TRY IT: Each line below from the line with "Eunápolis: Cronograma de" to the line with "Karakoram Trucker Hat" must be copied exactly, including those two, and no picture may appear in the copy.

AVAILABLE RECORDS:
____
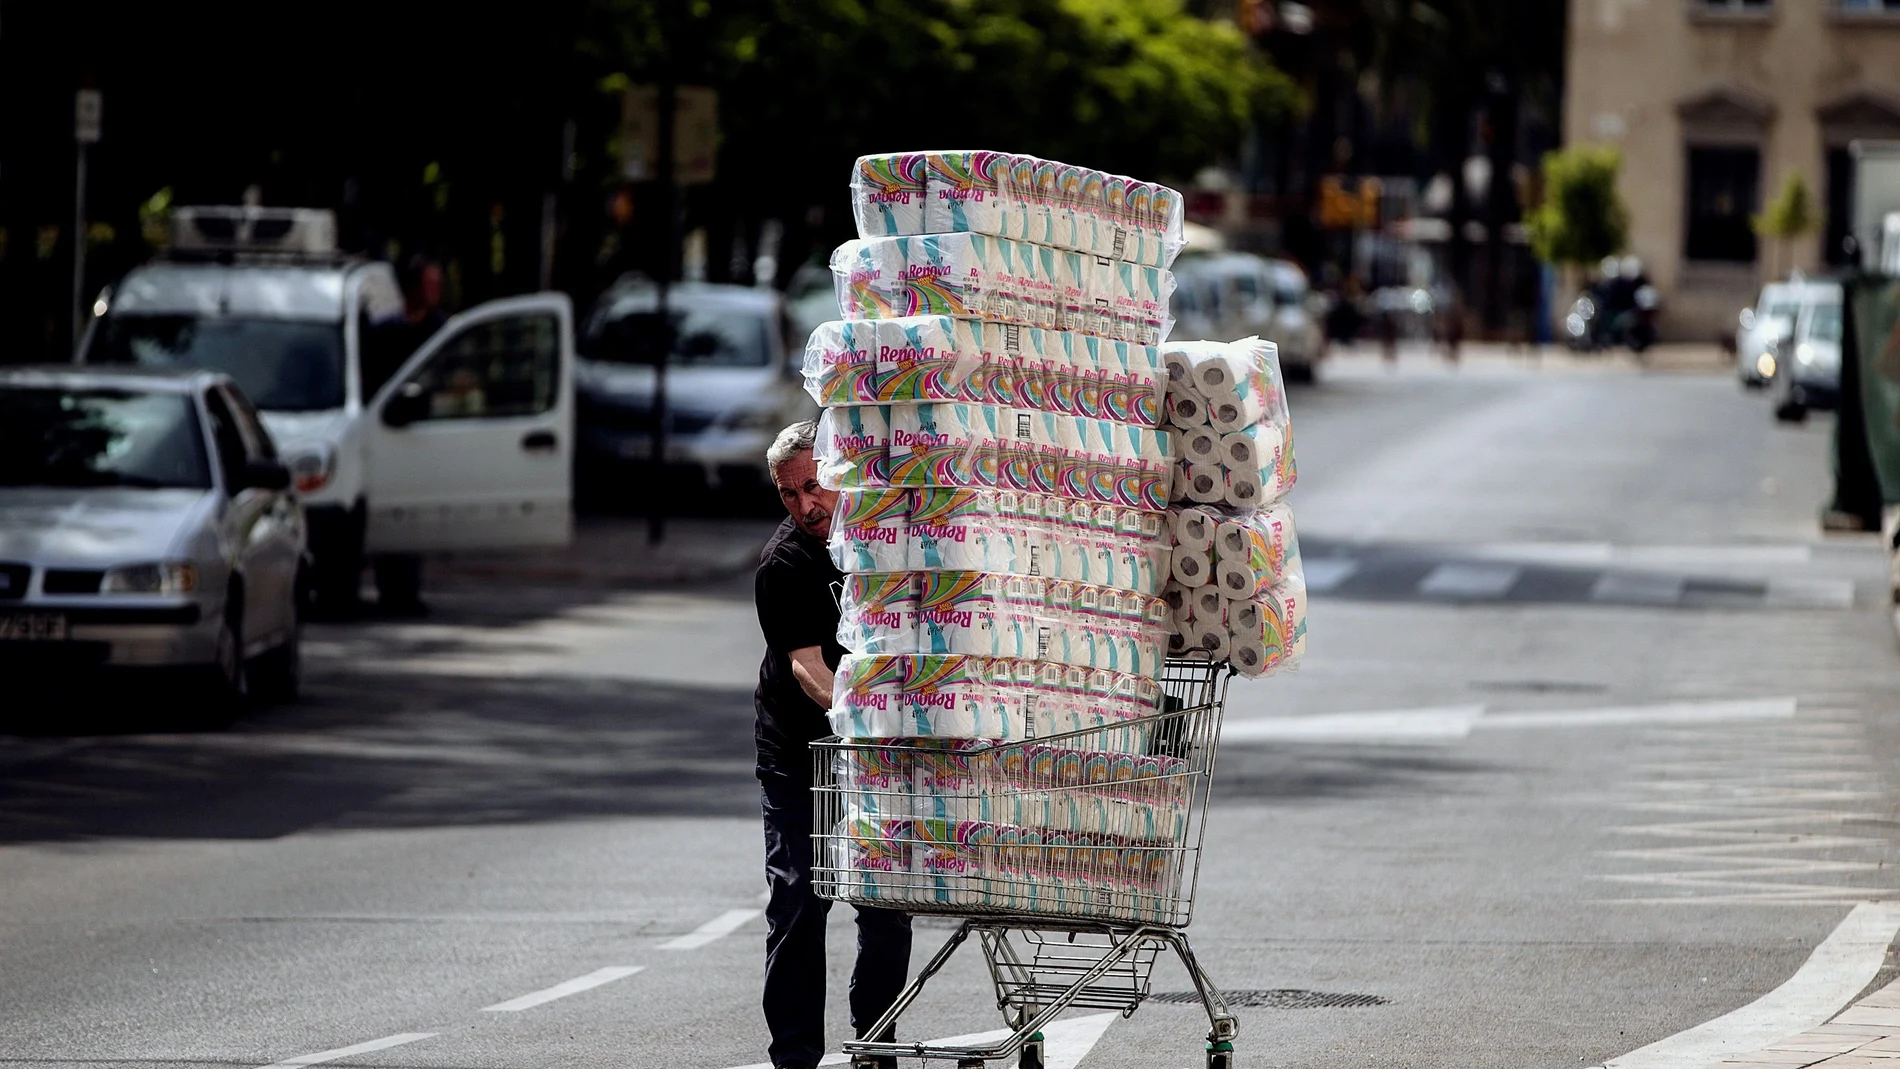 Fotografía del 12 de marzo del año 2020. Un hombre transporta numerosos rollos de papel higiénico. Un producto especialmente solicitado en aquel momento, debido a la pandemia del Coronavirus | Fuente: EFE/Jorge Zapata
____
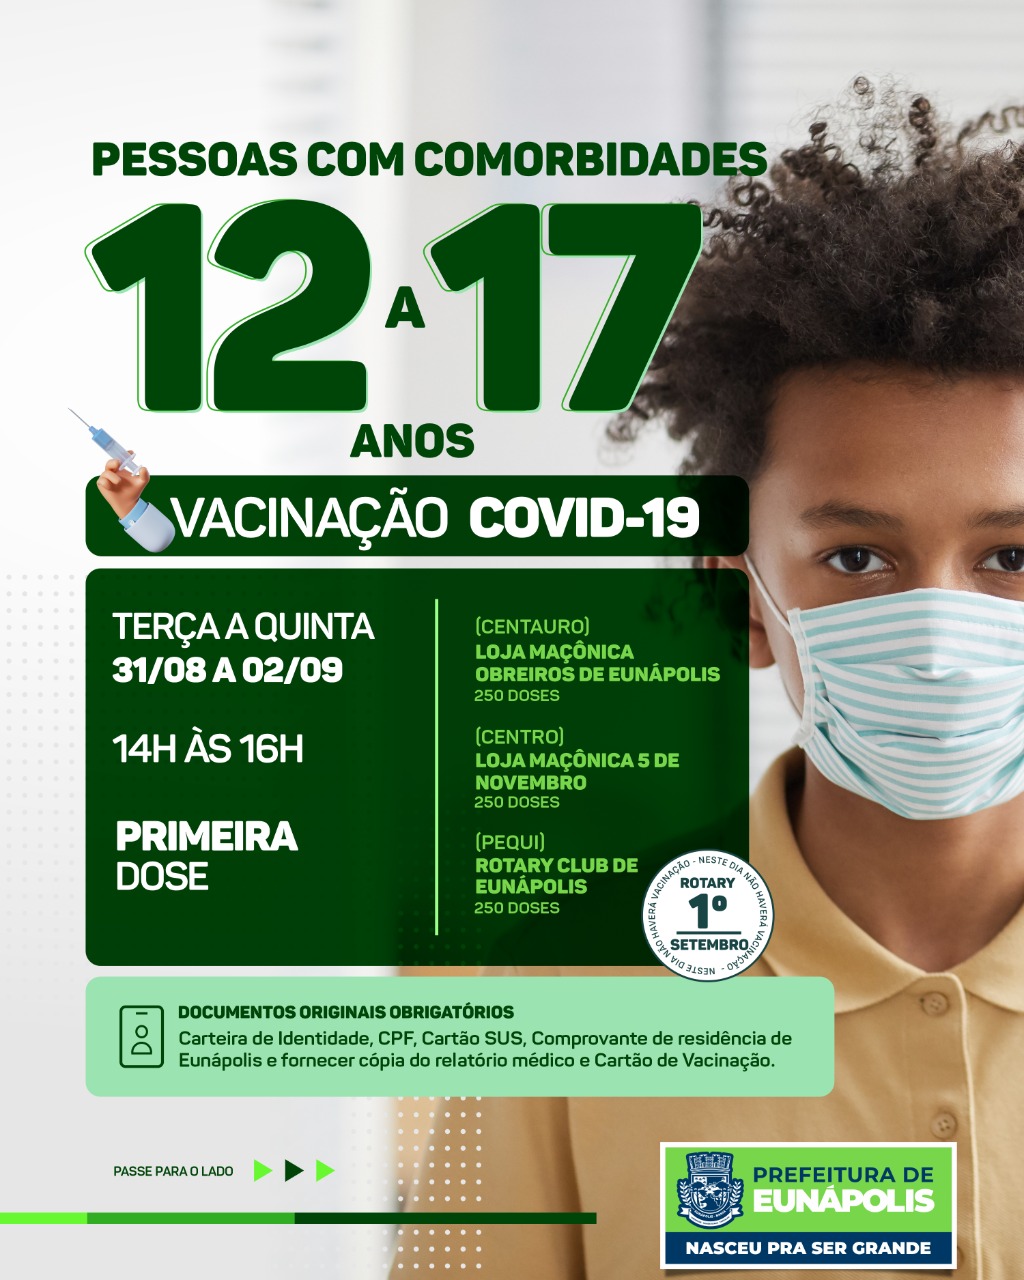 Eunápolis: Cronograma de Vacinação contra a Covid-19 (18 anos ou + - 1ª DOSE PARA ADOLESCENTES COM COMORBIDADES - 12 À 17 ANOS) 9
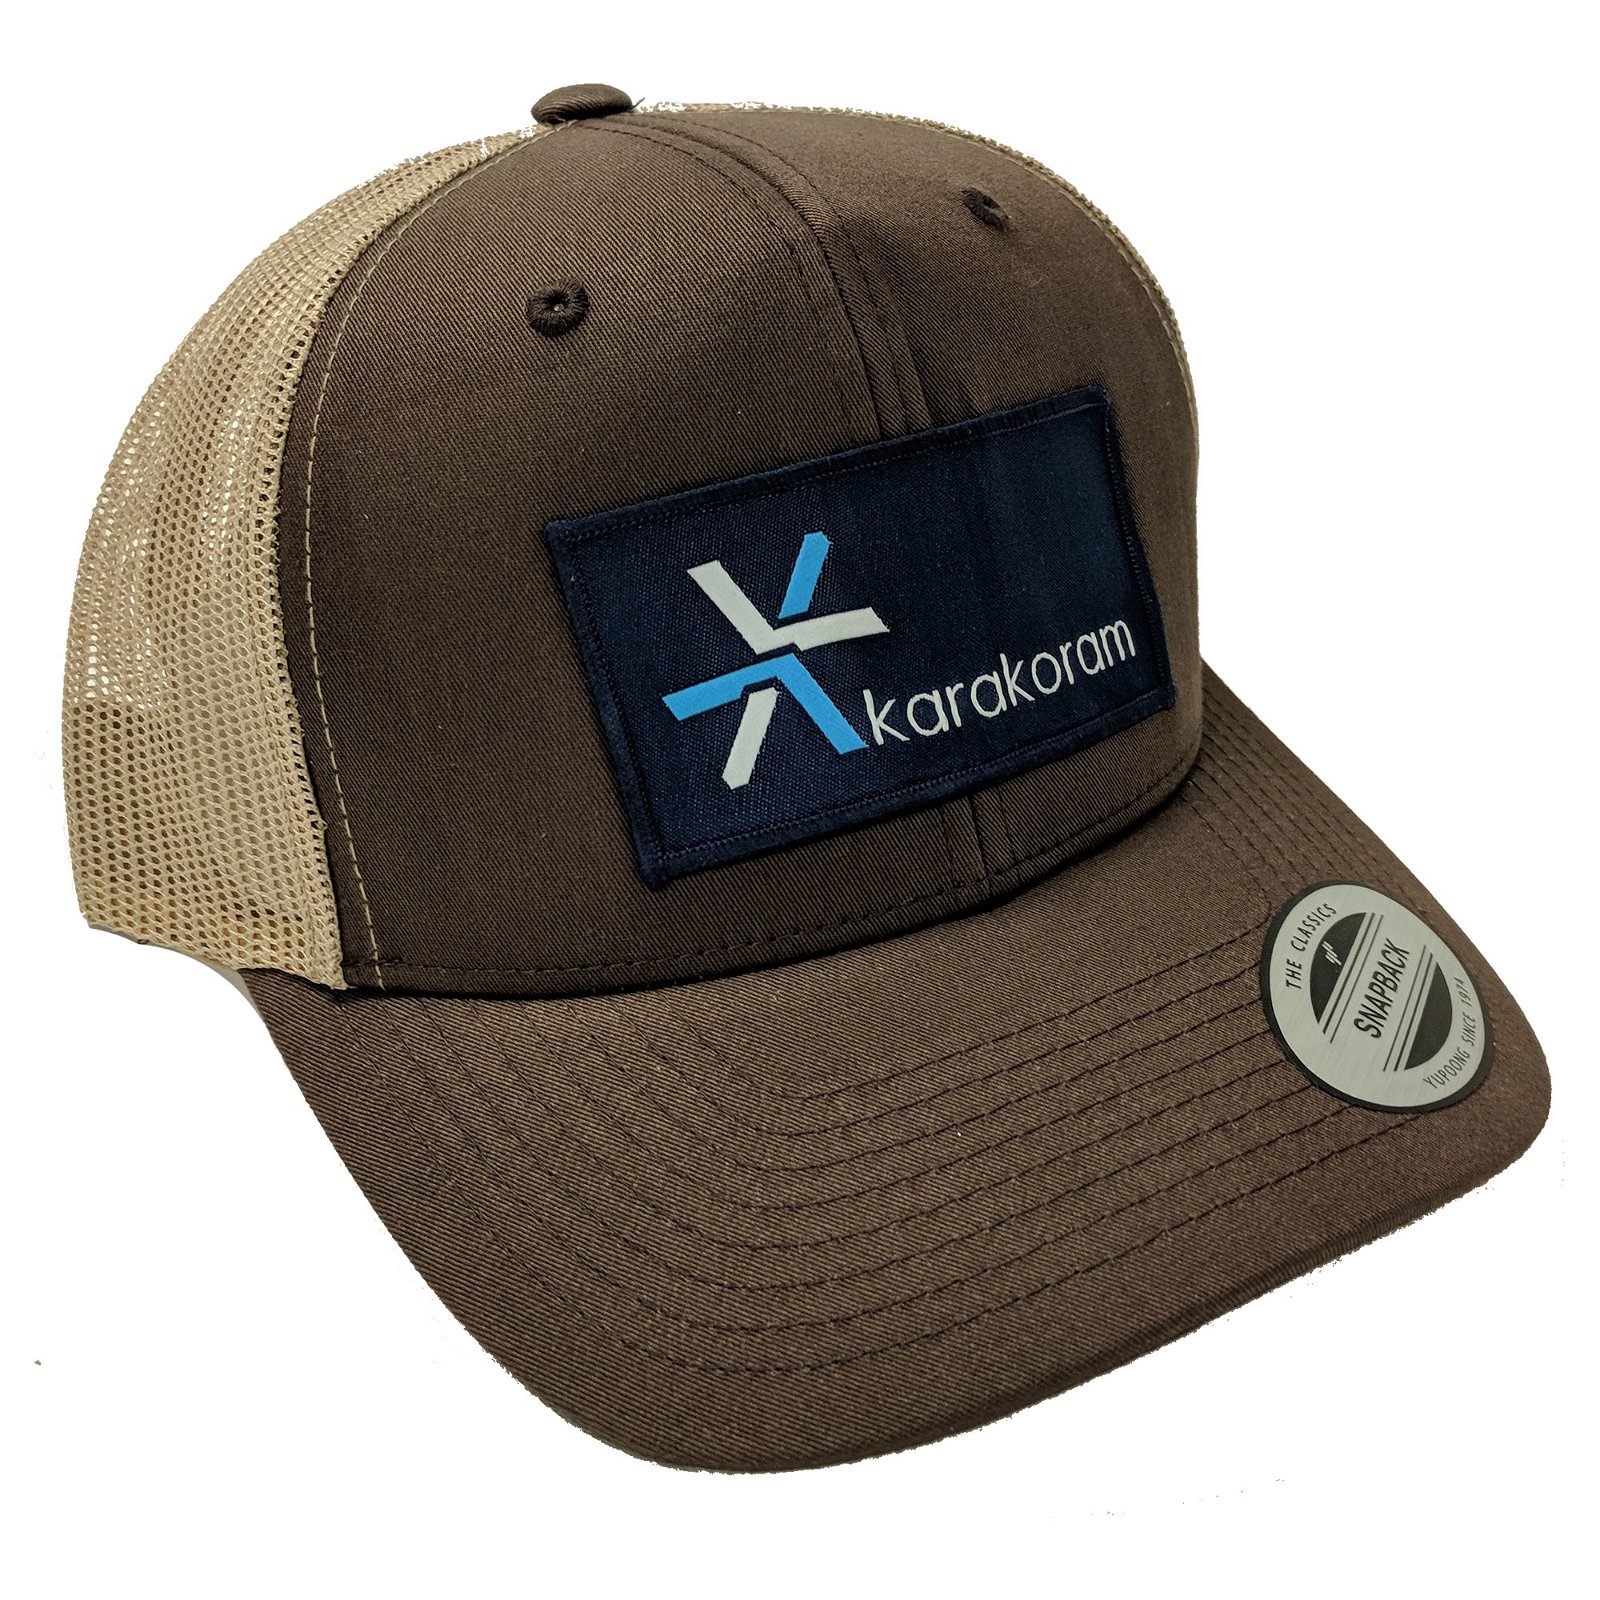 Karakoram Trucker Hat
____
ANSWER:
 Eunápolis: Cronograma de Vacinação contra a Covid-19 (18 anos ou + - 1ª DOSE PARA ADOLESCENTES COM COMORBIDADES - 12 À 17 ANOS) 9
 Karakoram Trucker Hat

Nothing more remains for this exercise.